*** Supplied material ***

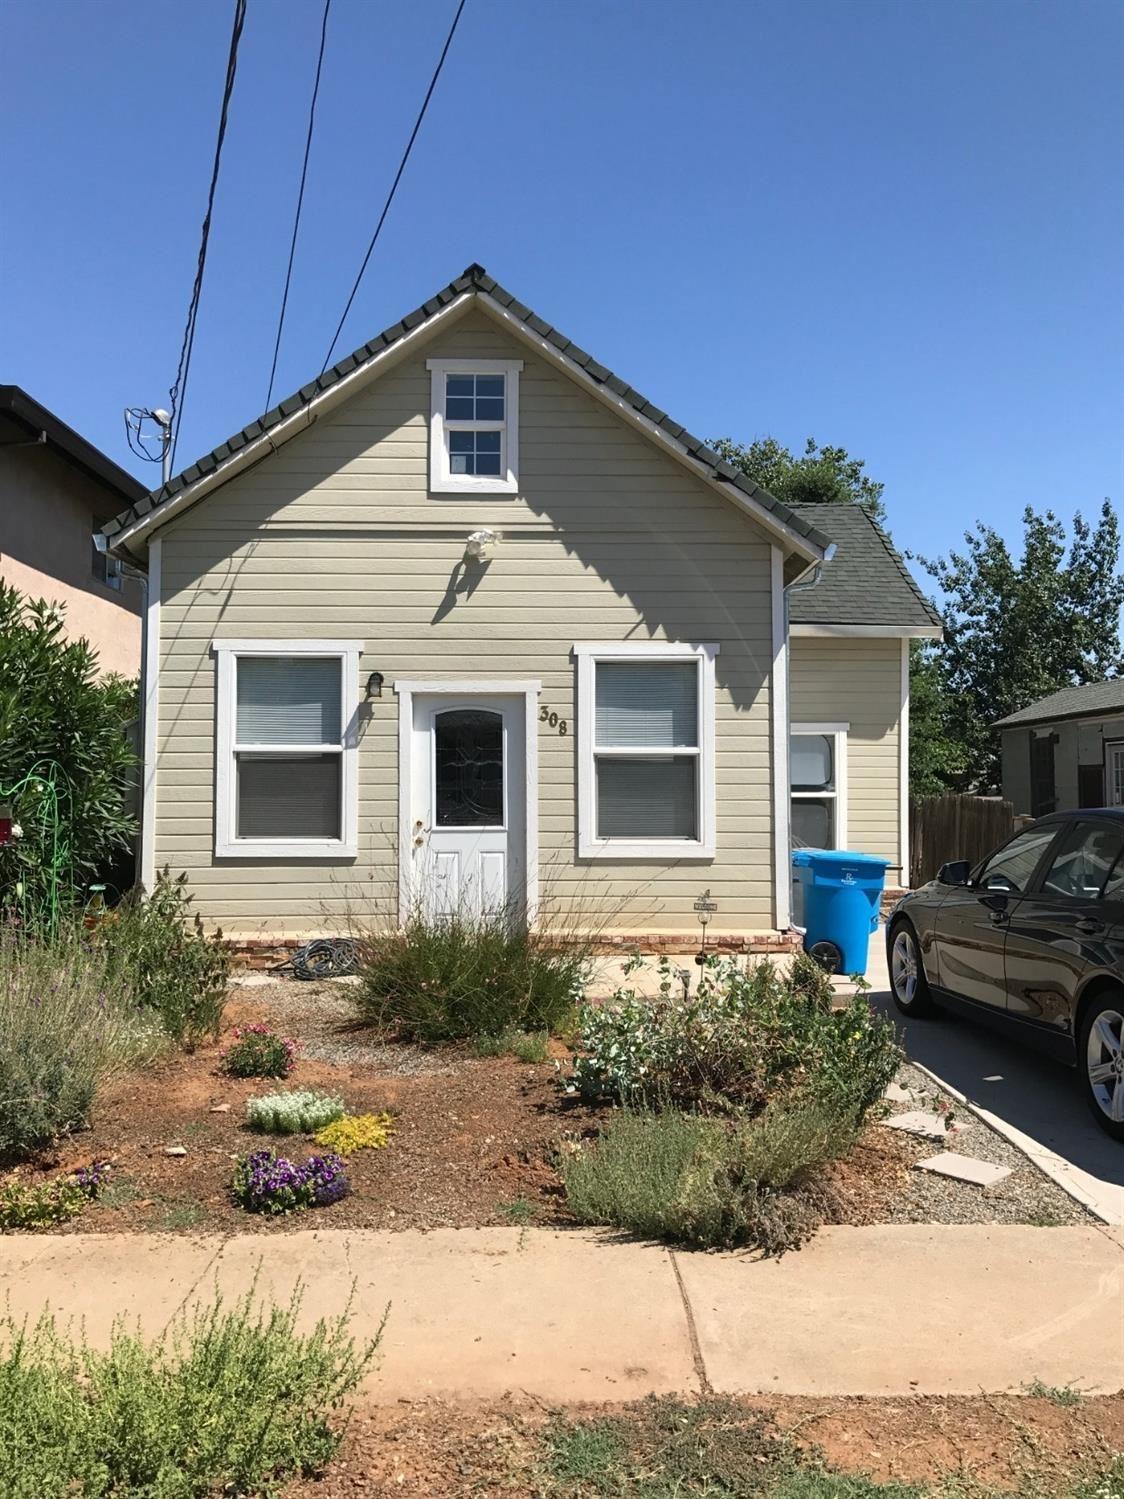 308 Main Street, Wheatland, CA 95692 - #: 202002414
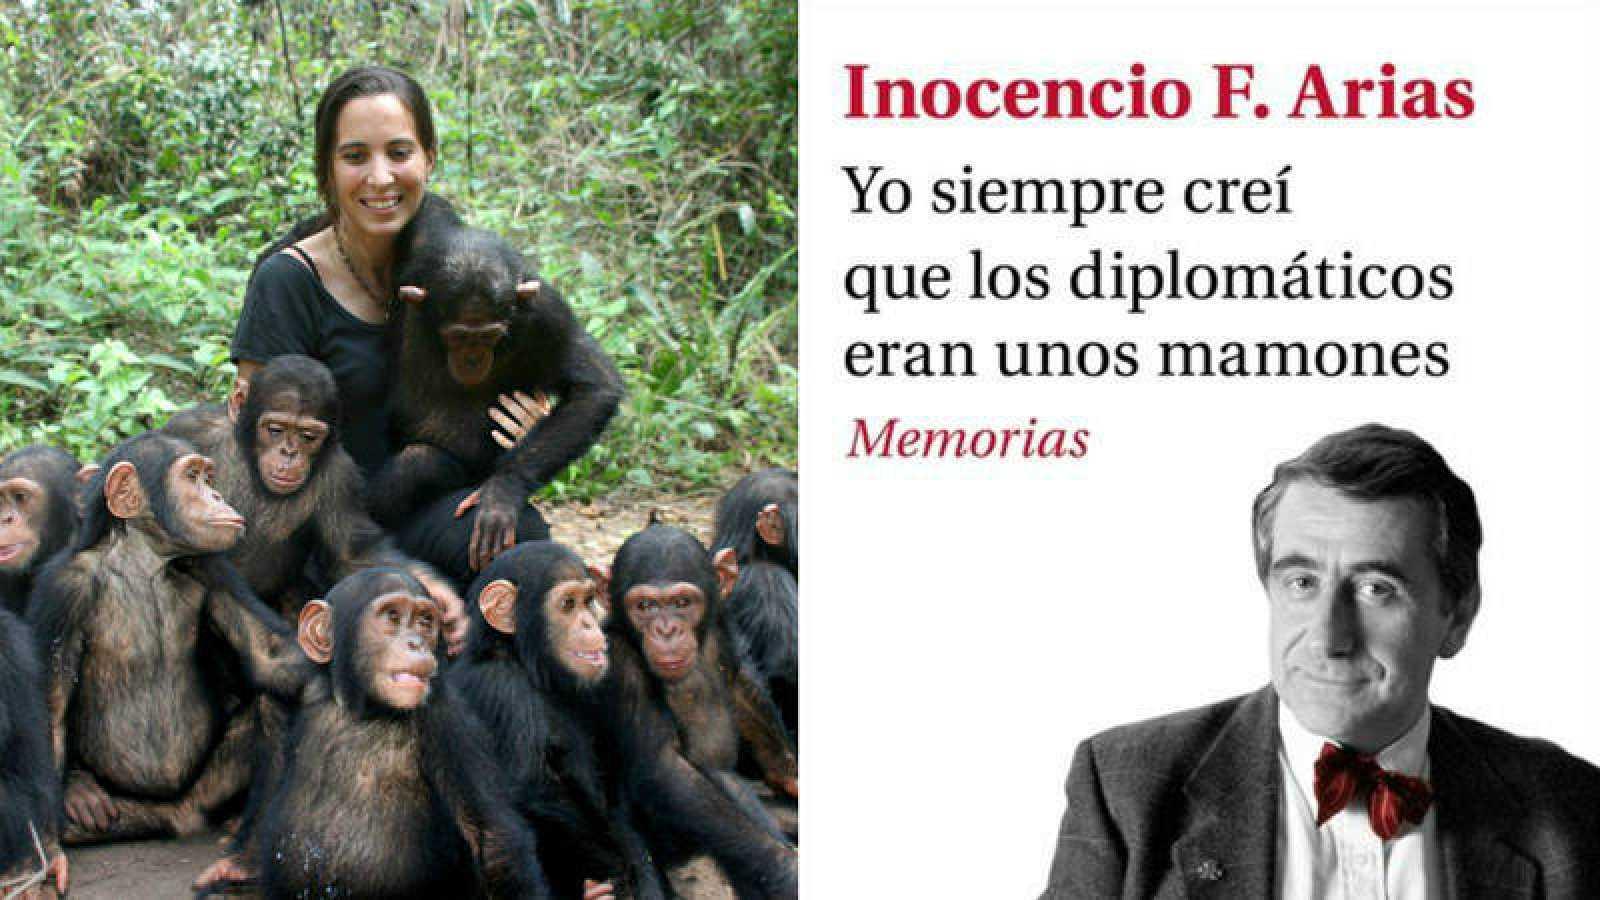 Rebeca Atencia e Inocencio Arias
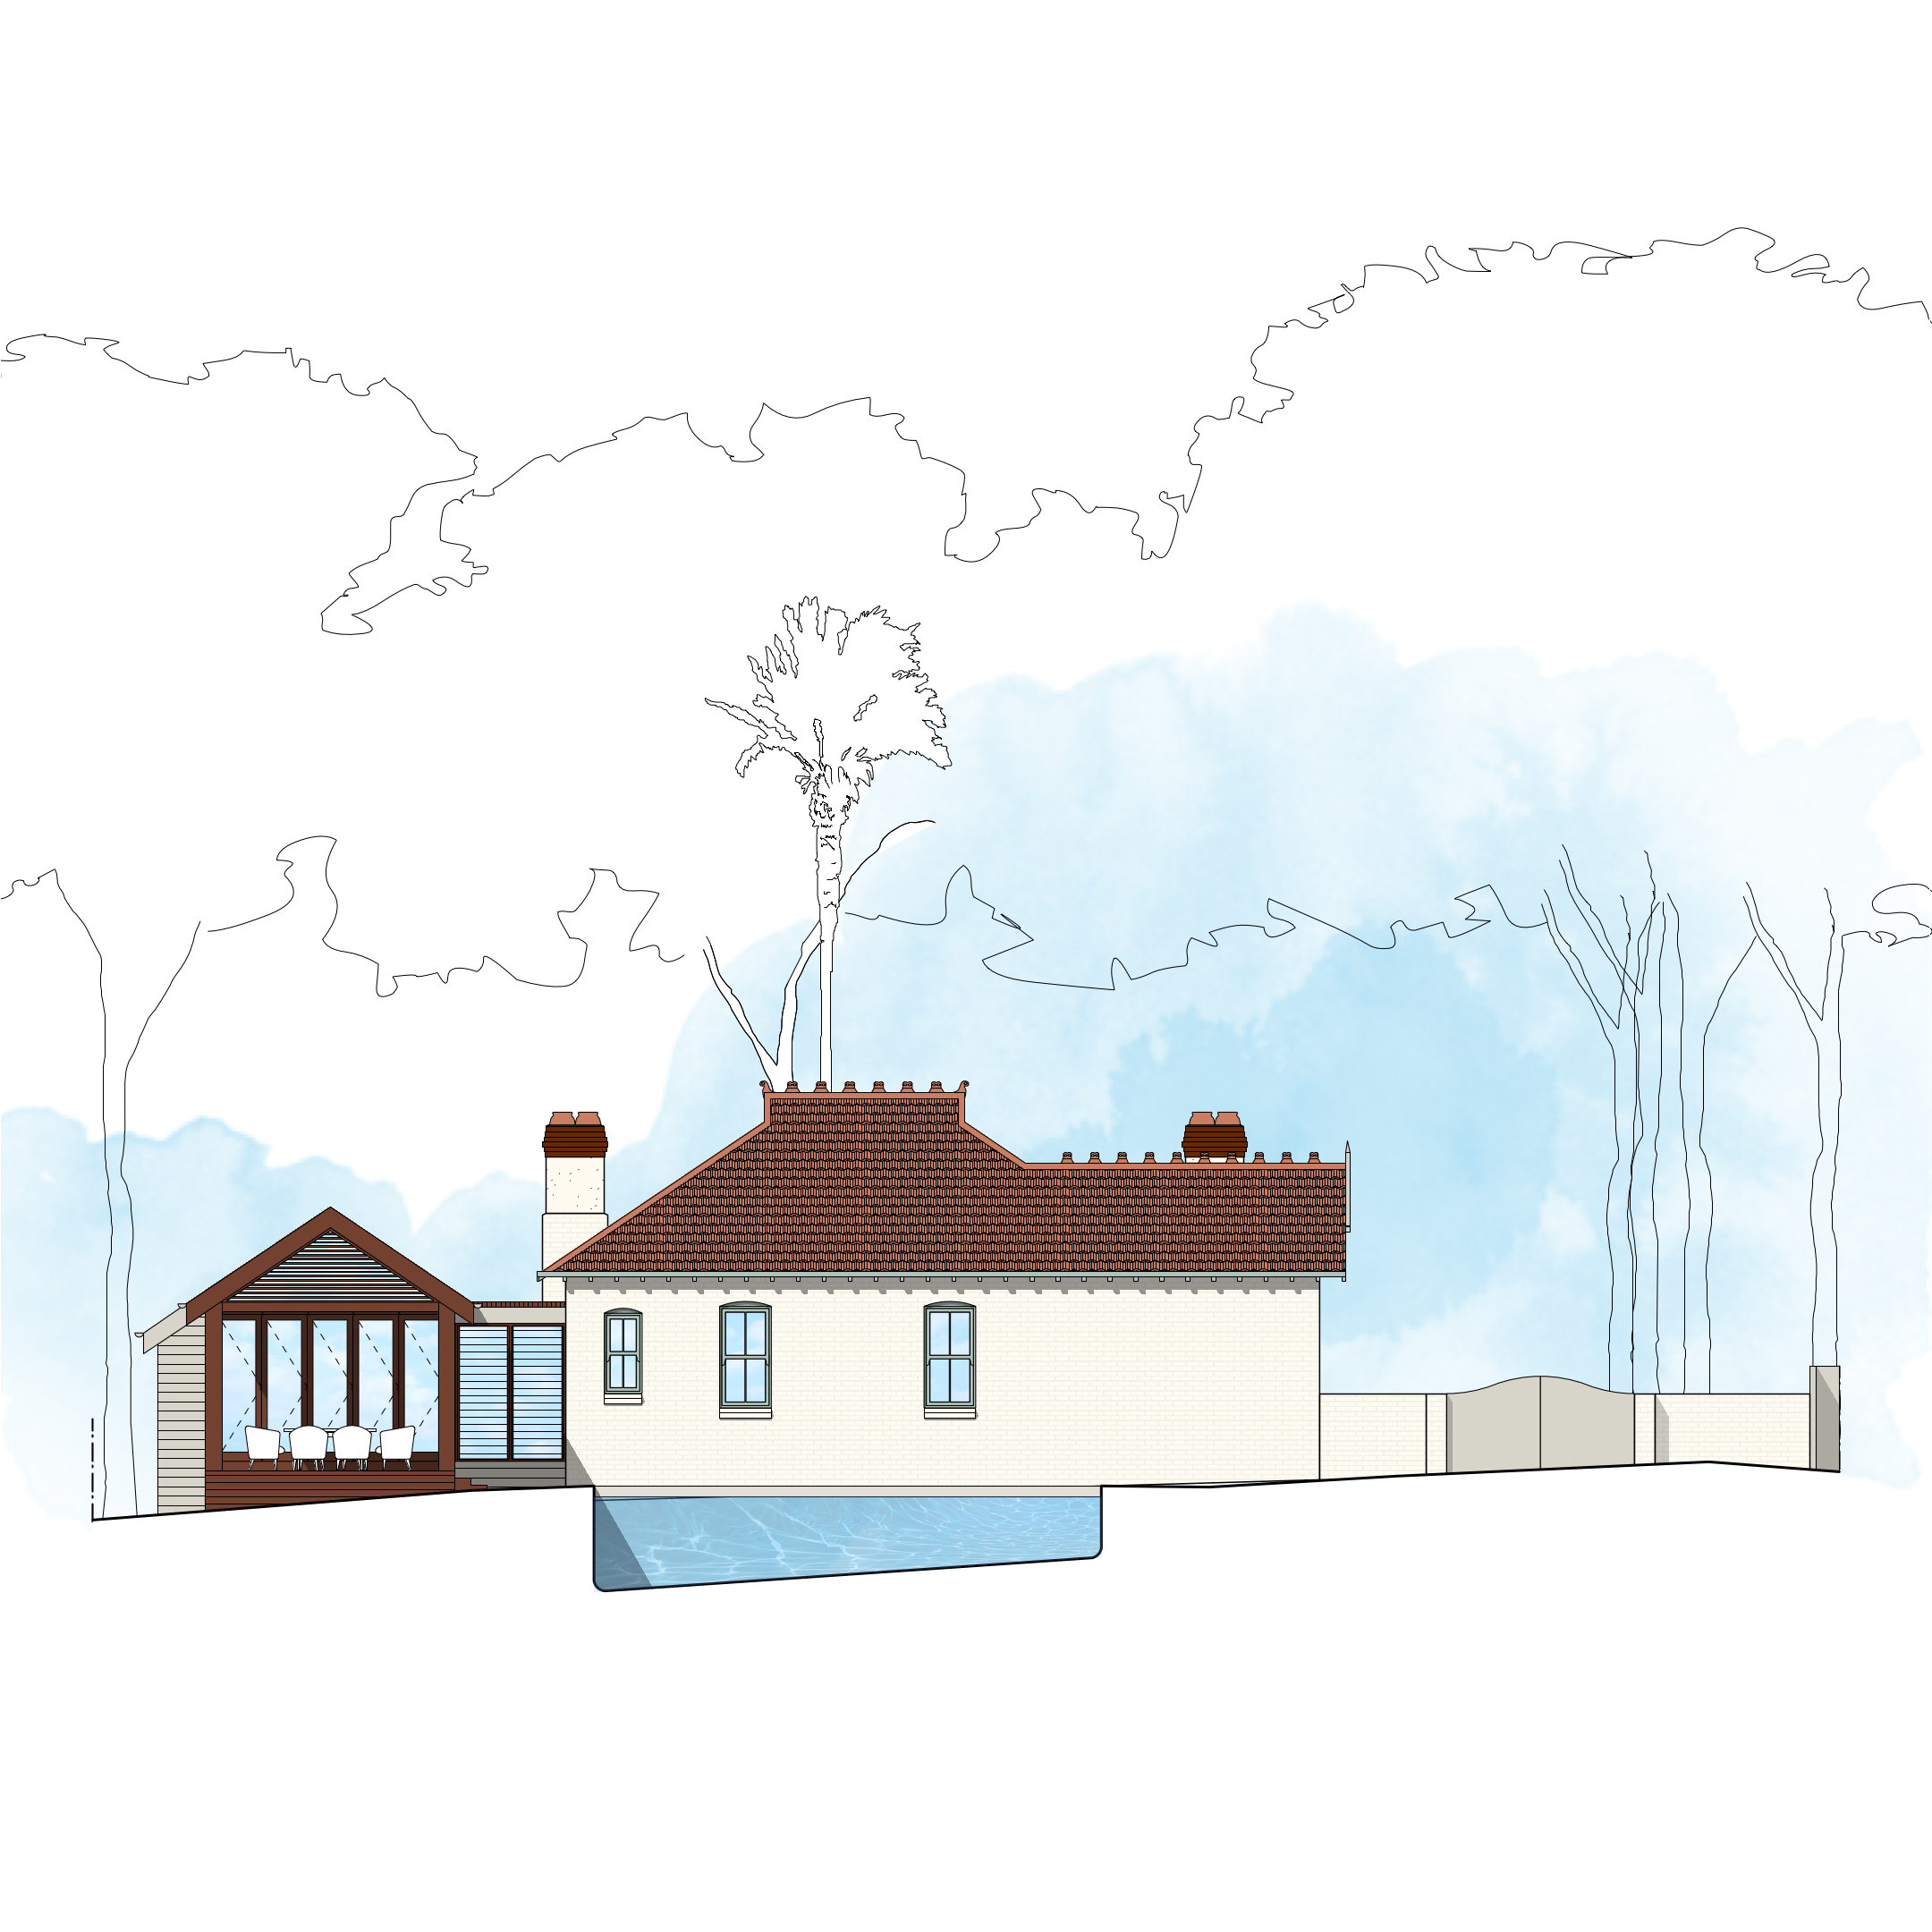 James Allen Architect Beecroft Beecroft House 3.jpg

*** End of Supplied material ***

→ What the task asks: In the copy, include no pictures; restate the listing above exactly.

→ Exercise answer:
 308 Main Street, Wheatland, CA 95692 - #: 202002414
 Rebeca Atencia e Inocencio Arias
 James Allen Architect Beecroft Beecroft House 3.jpg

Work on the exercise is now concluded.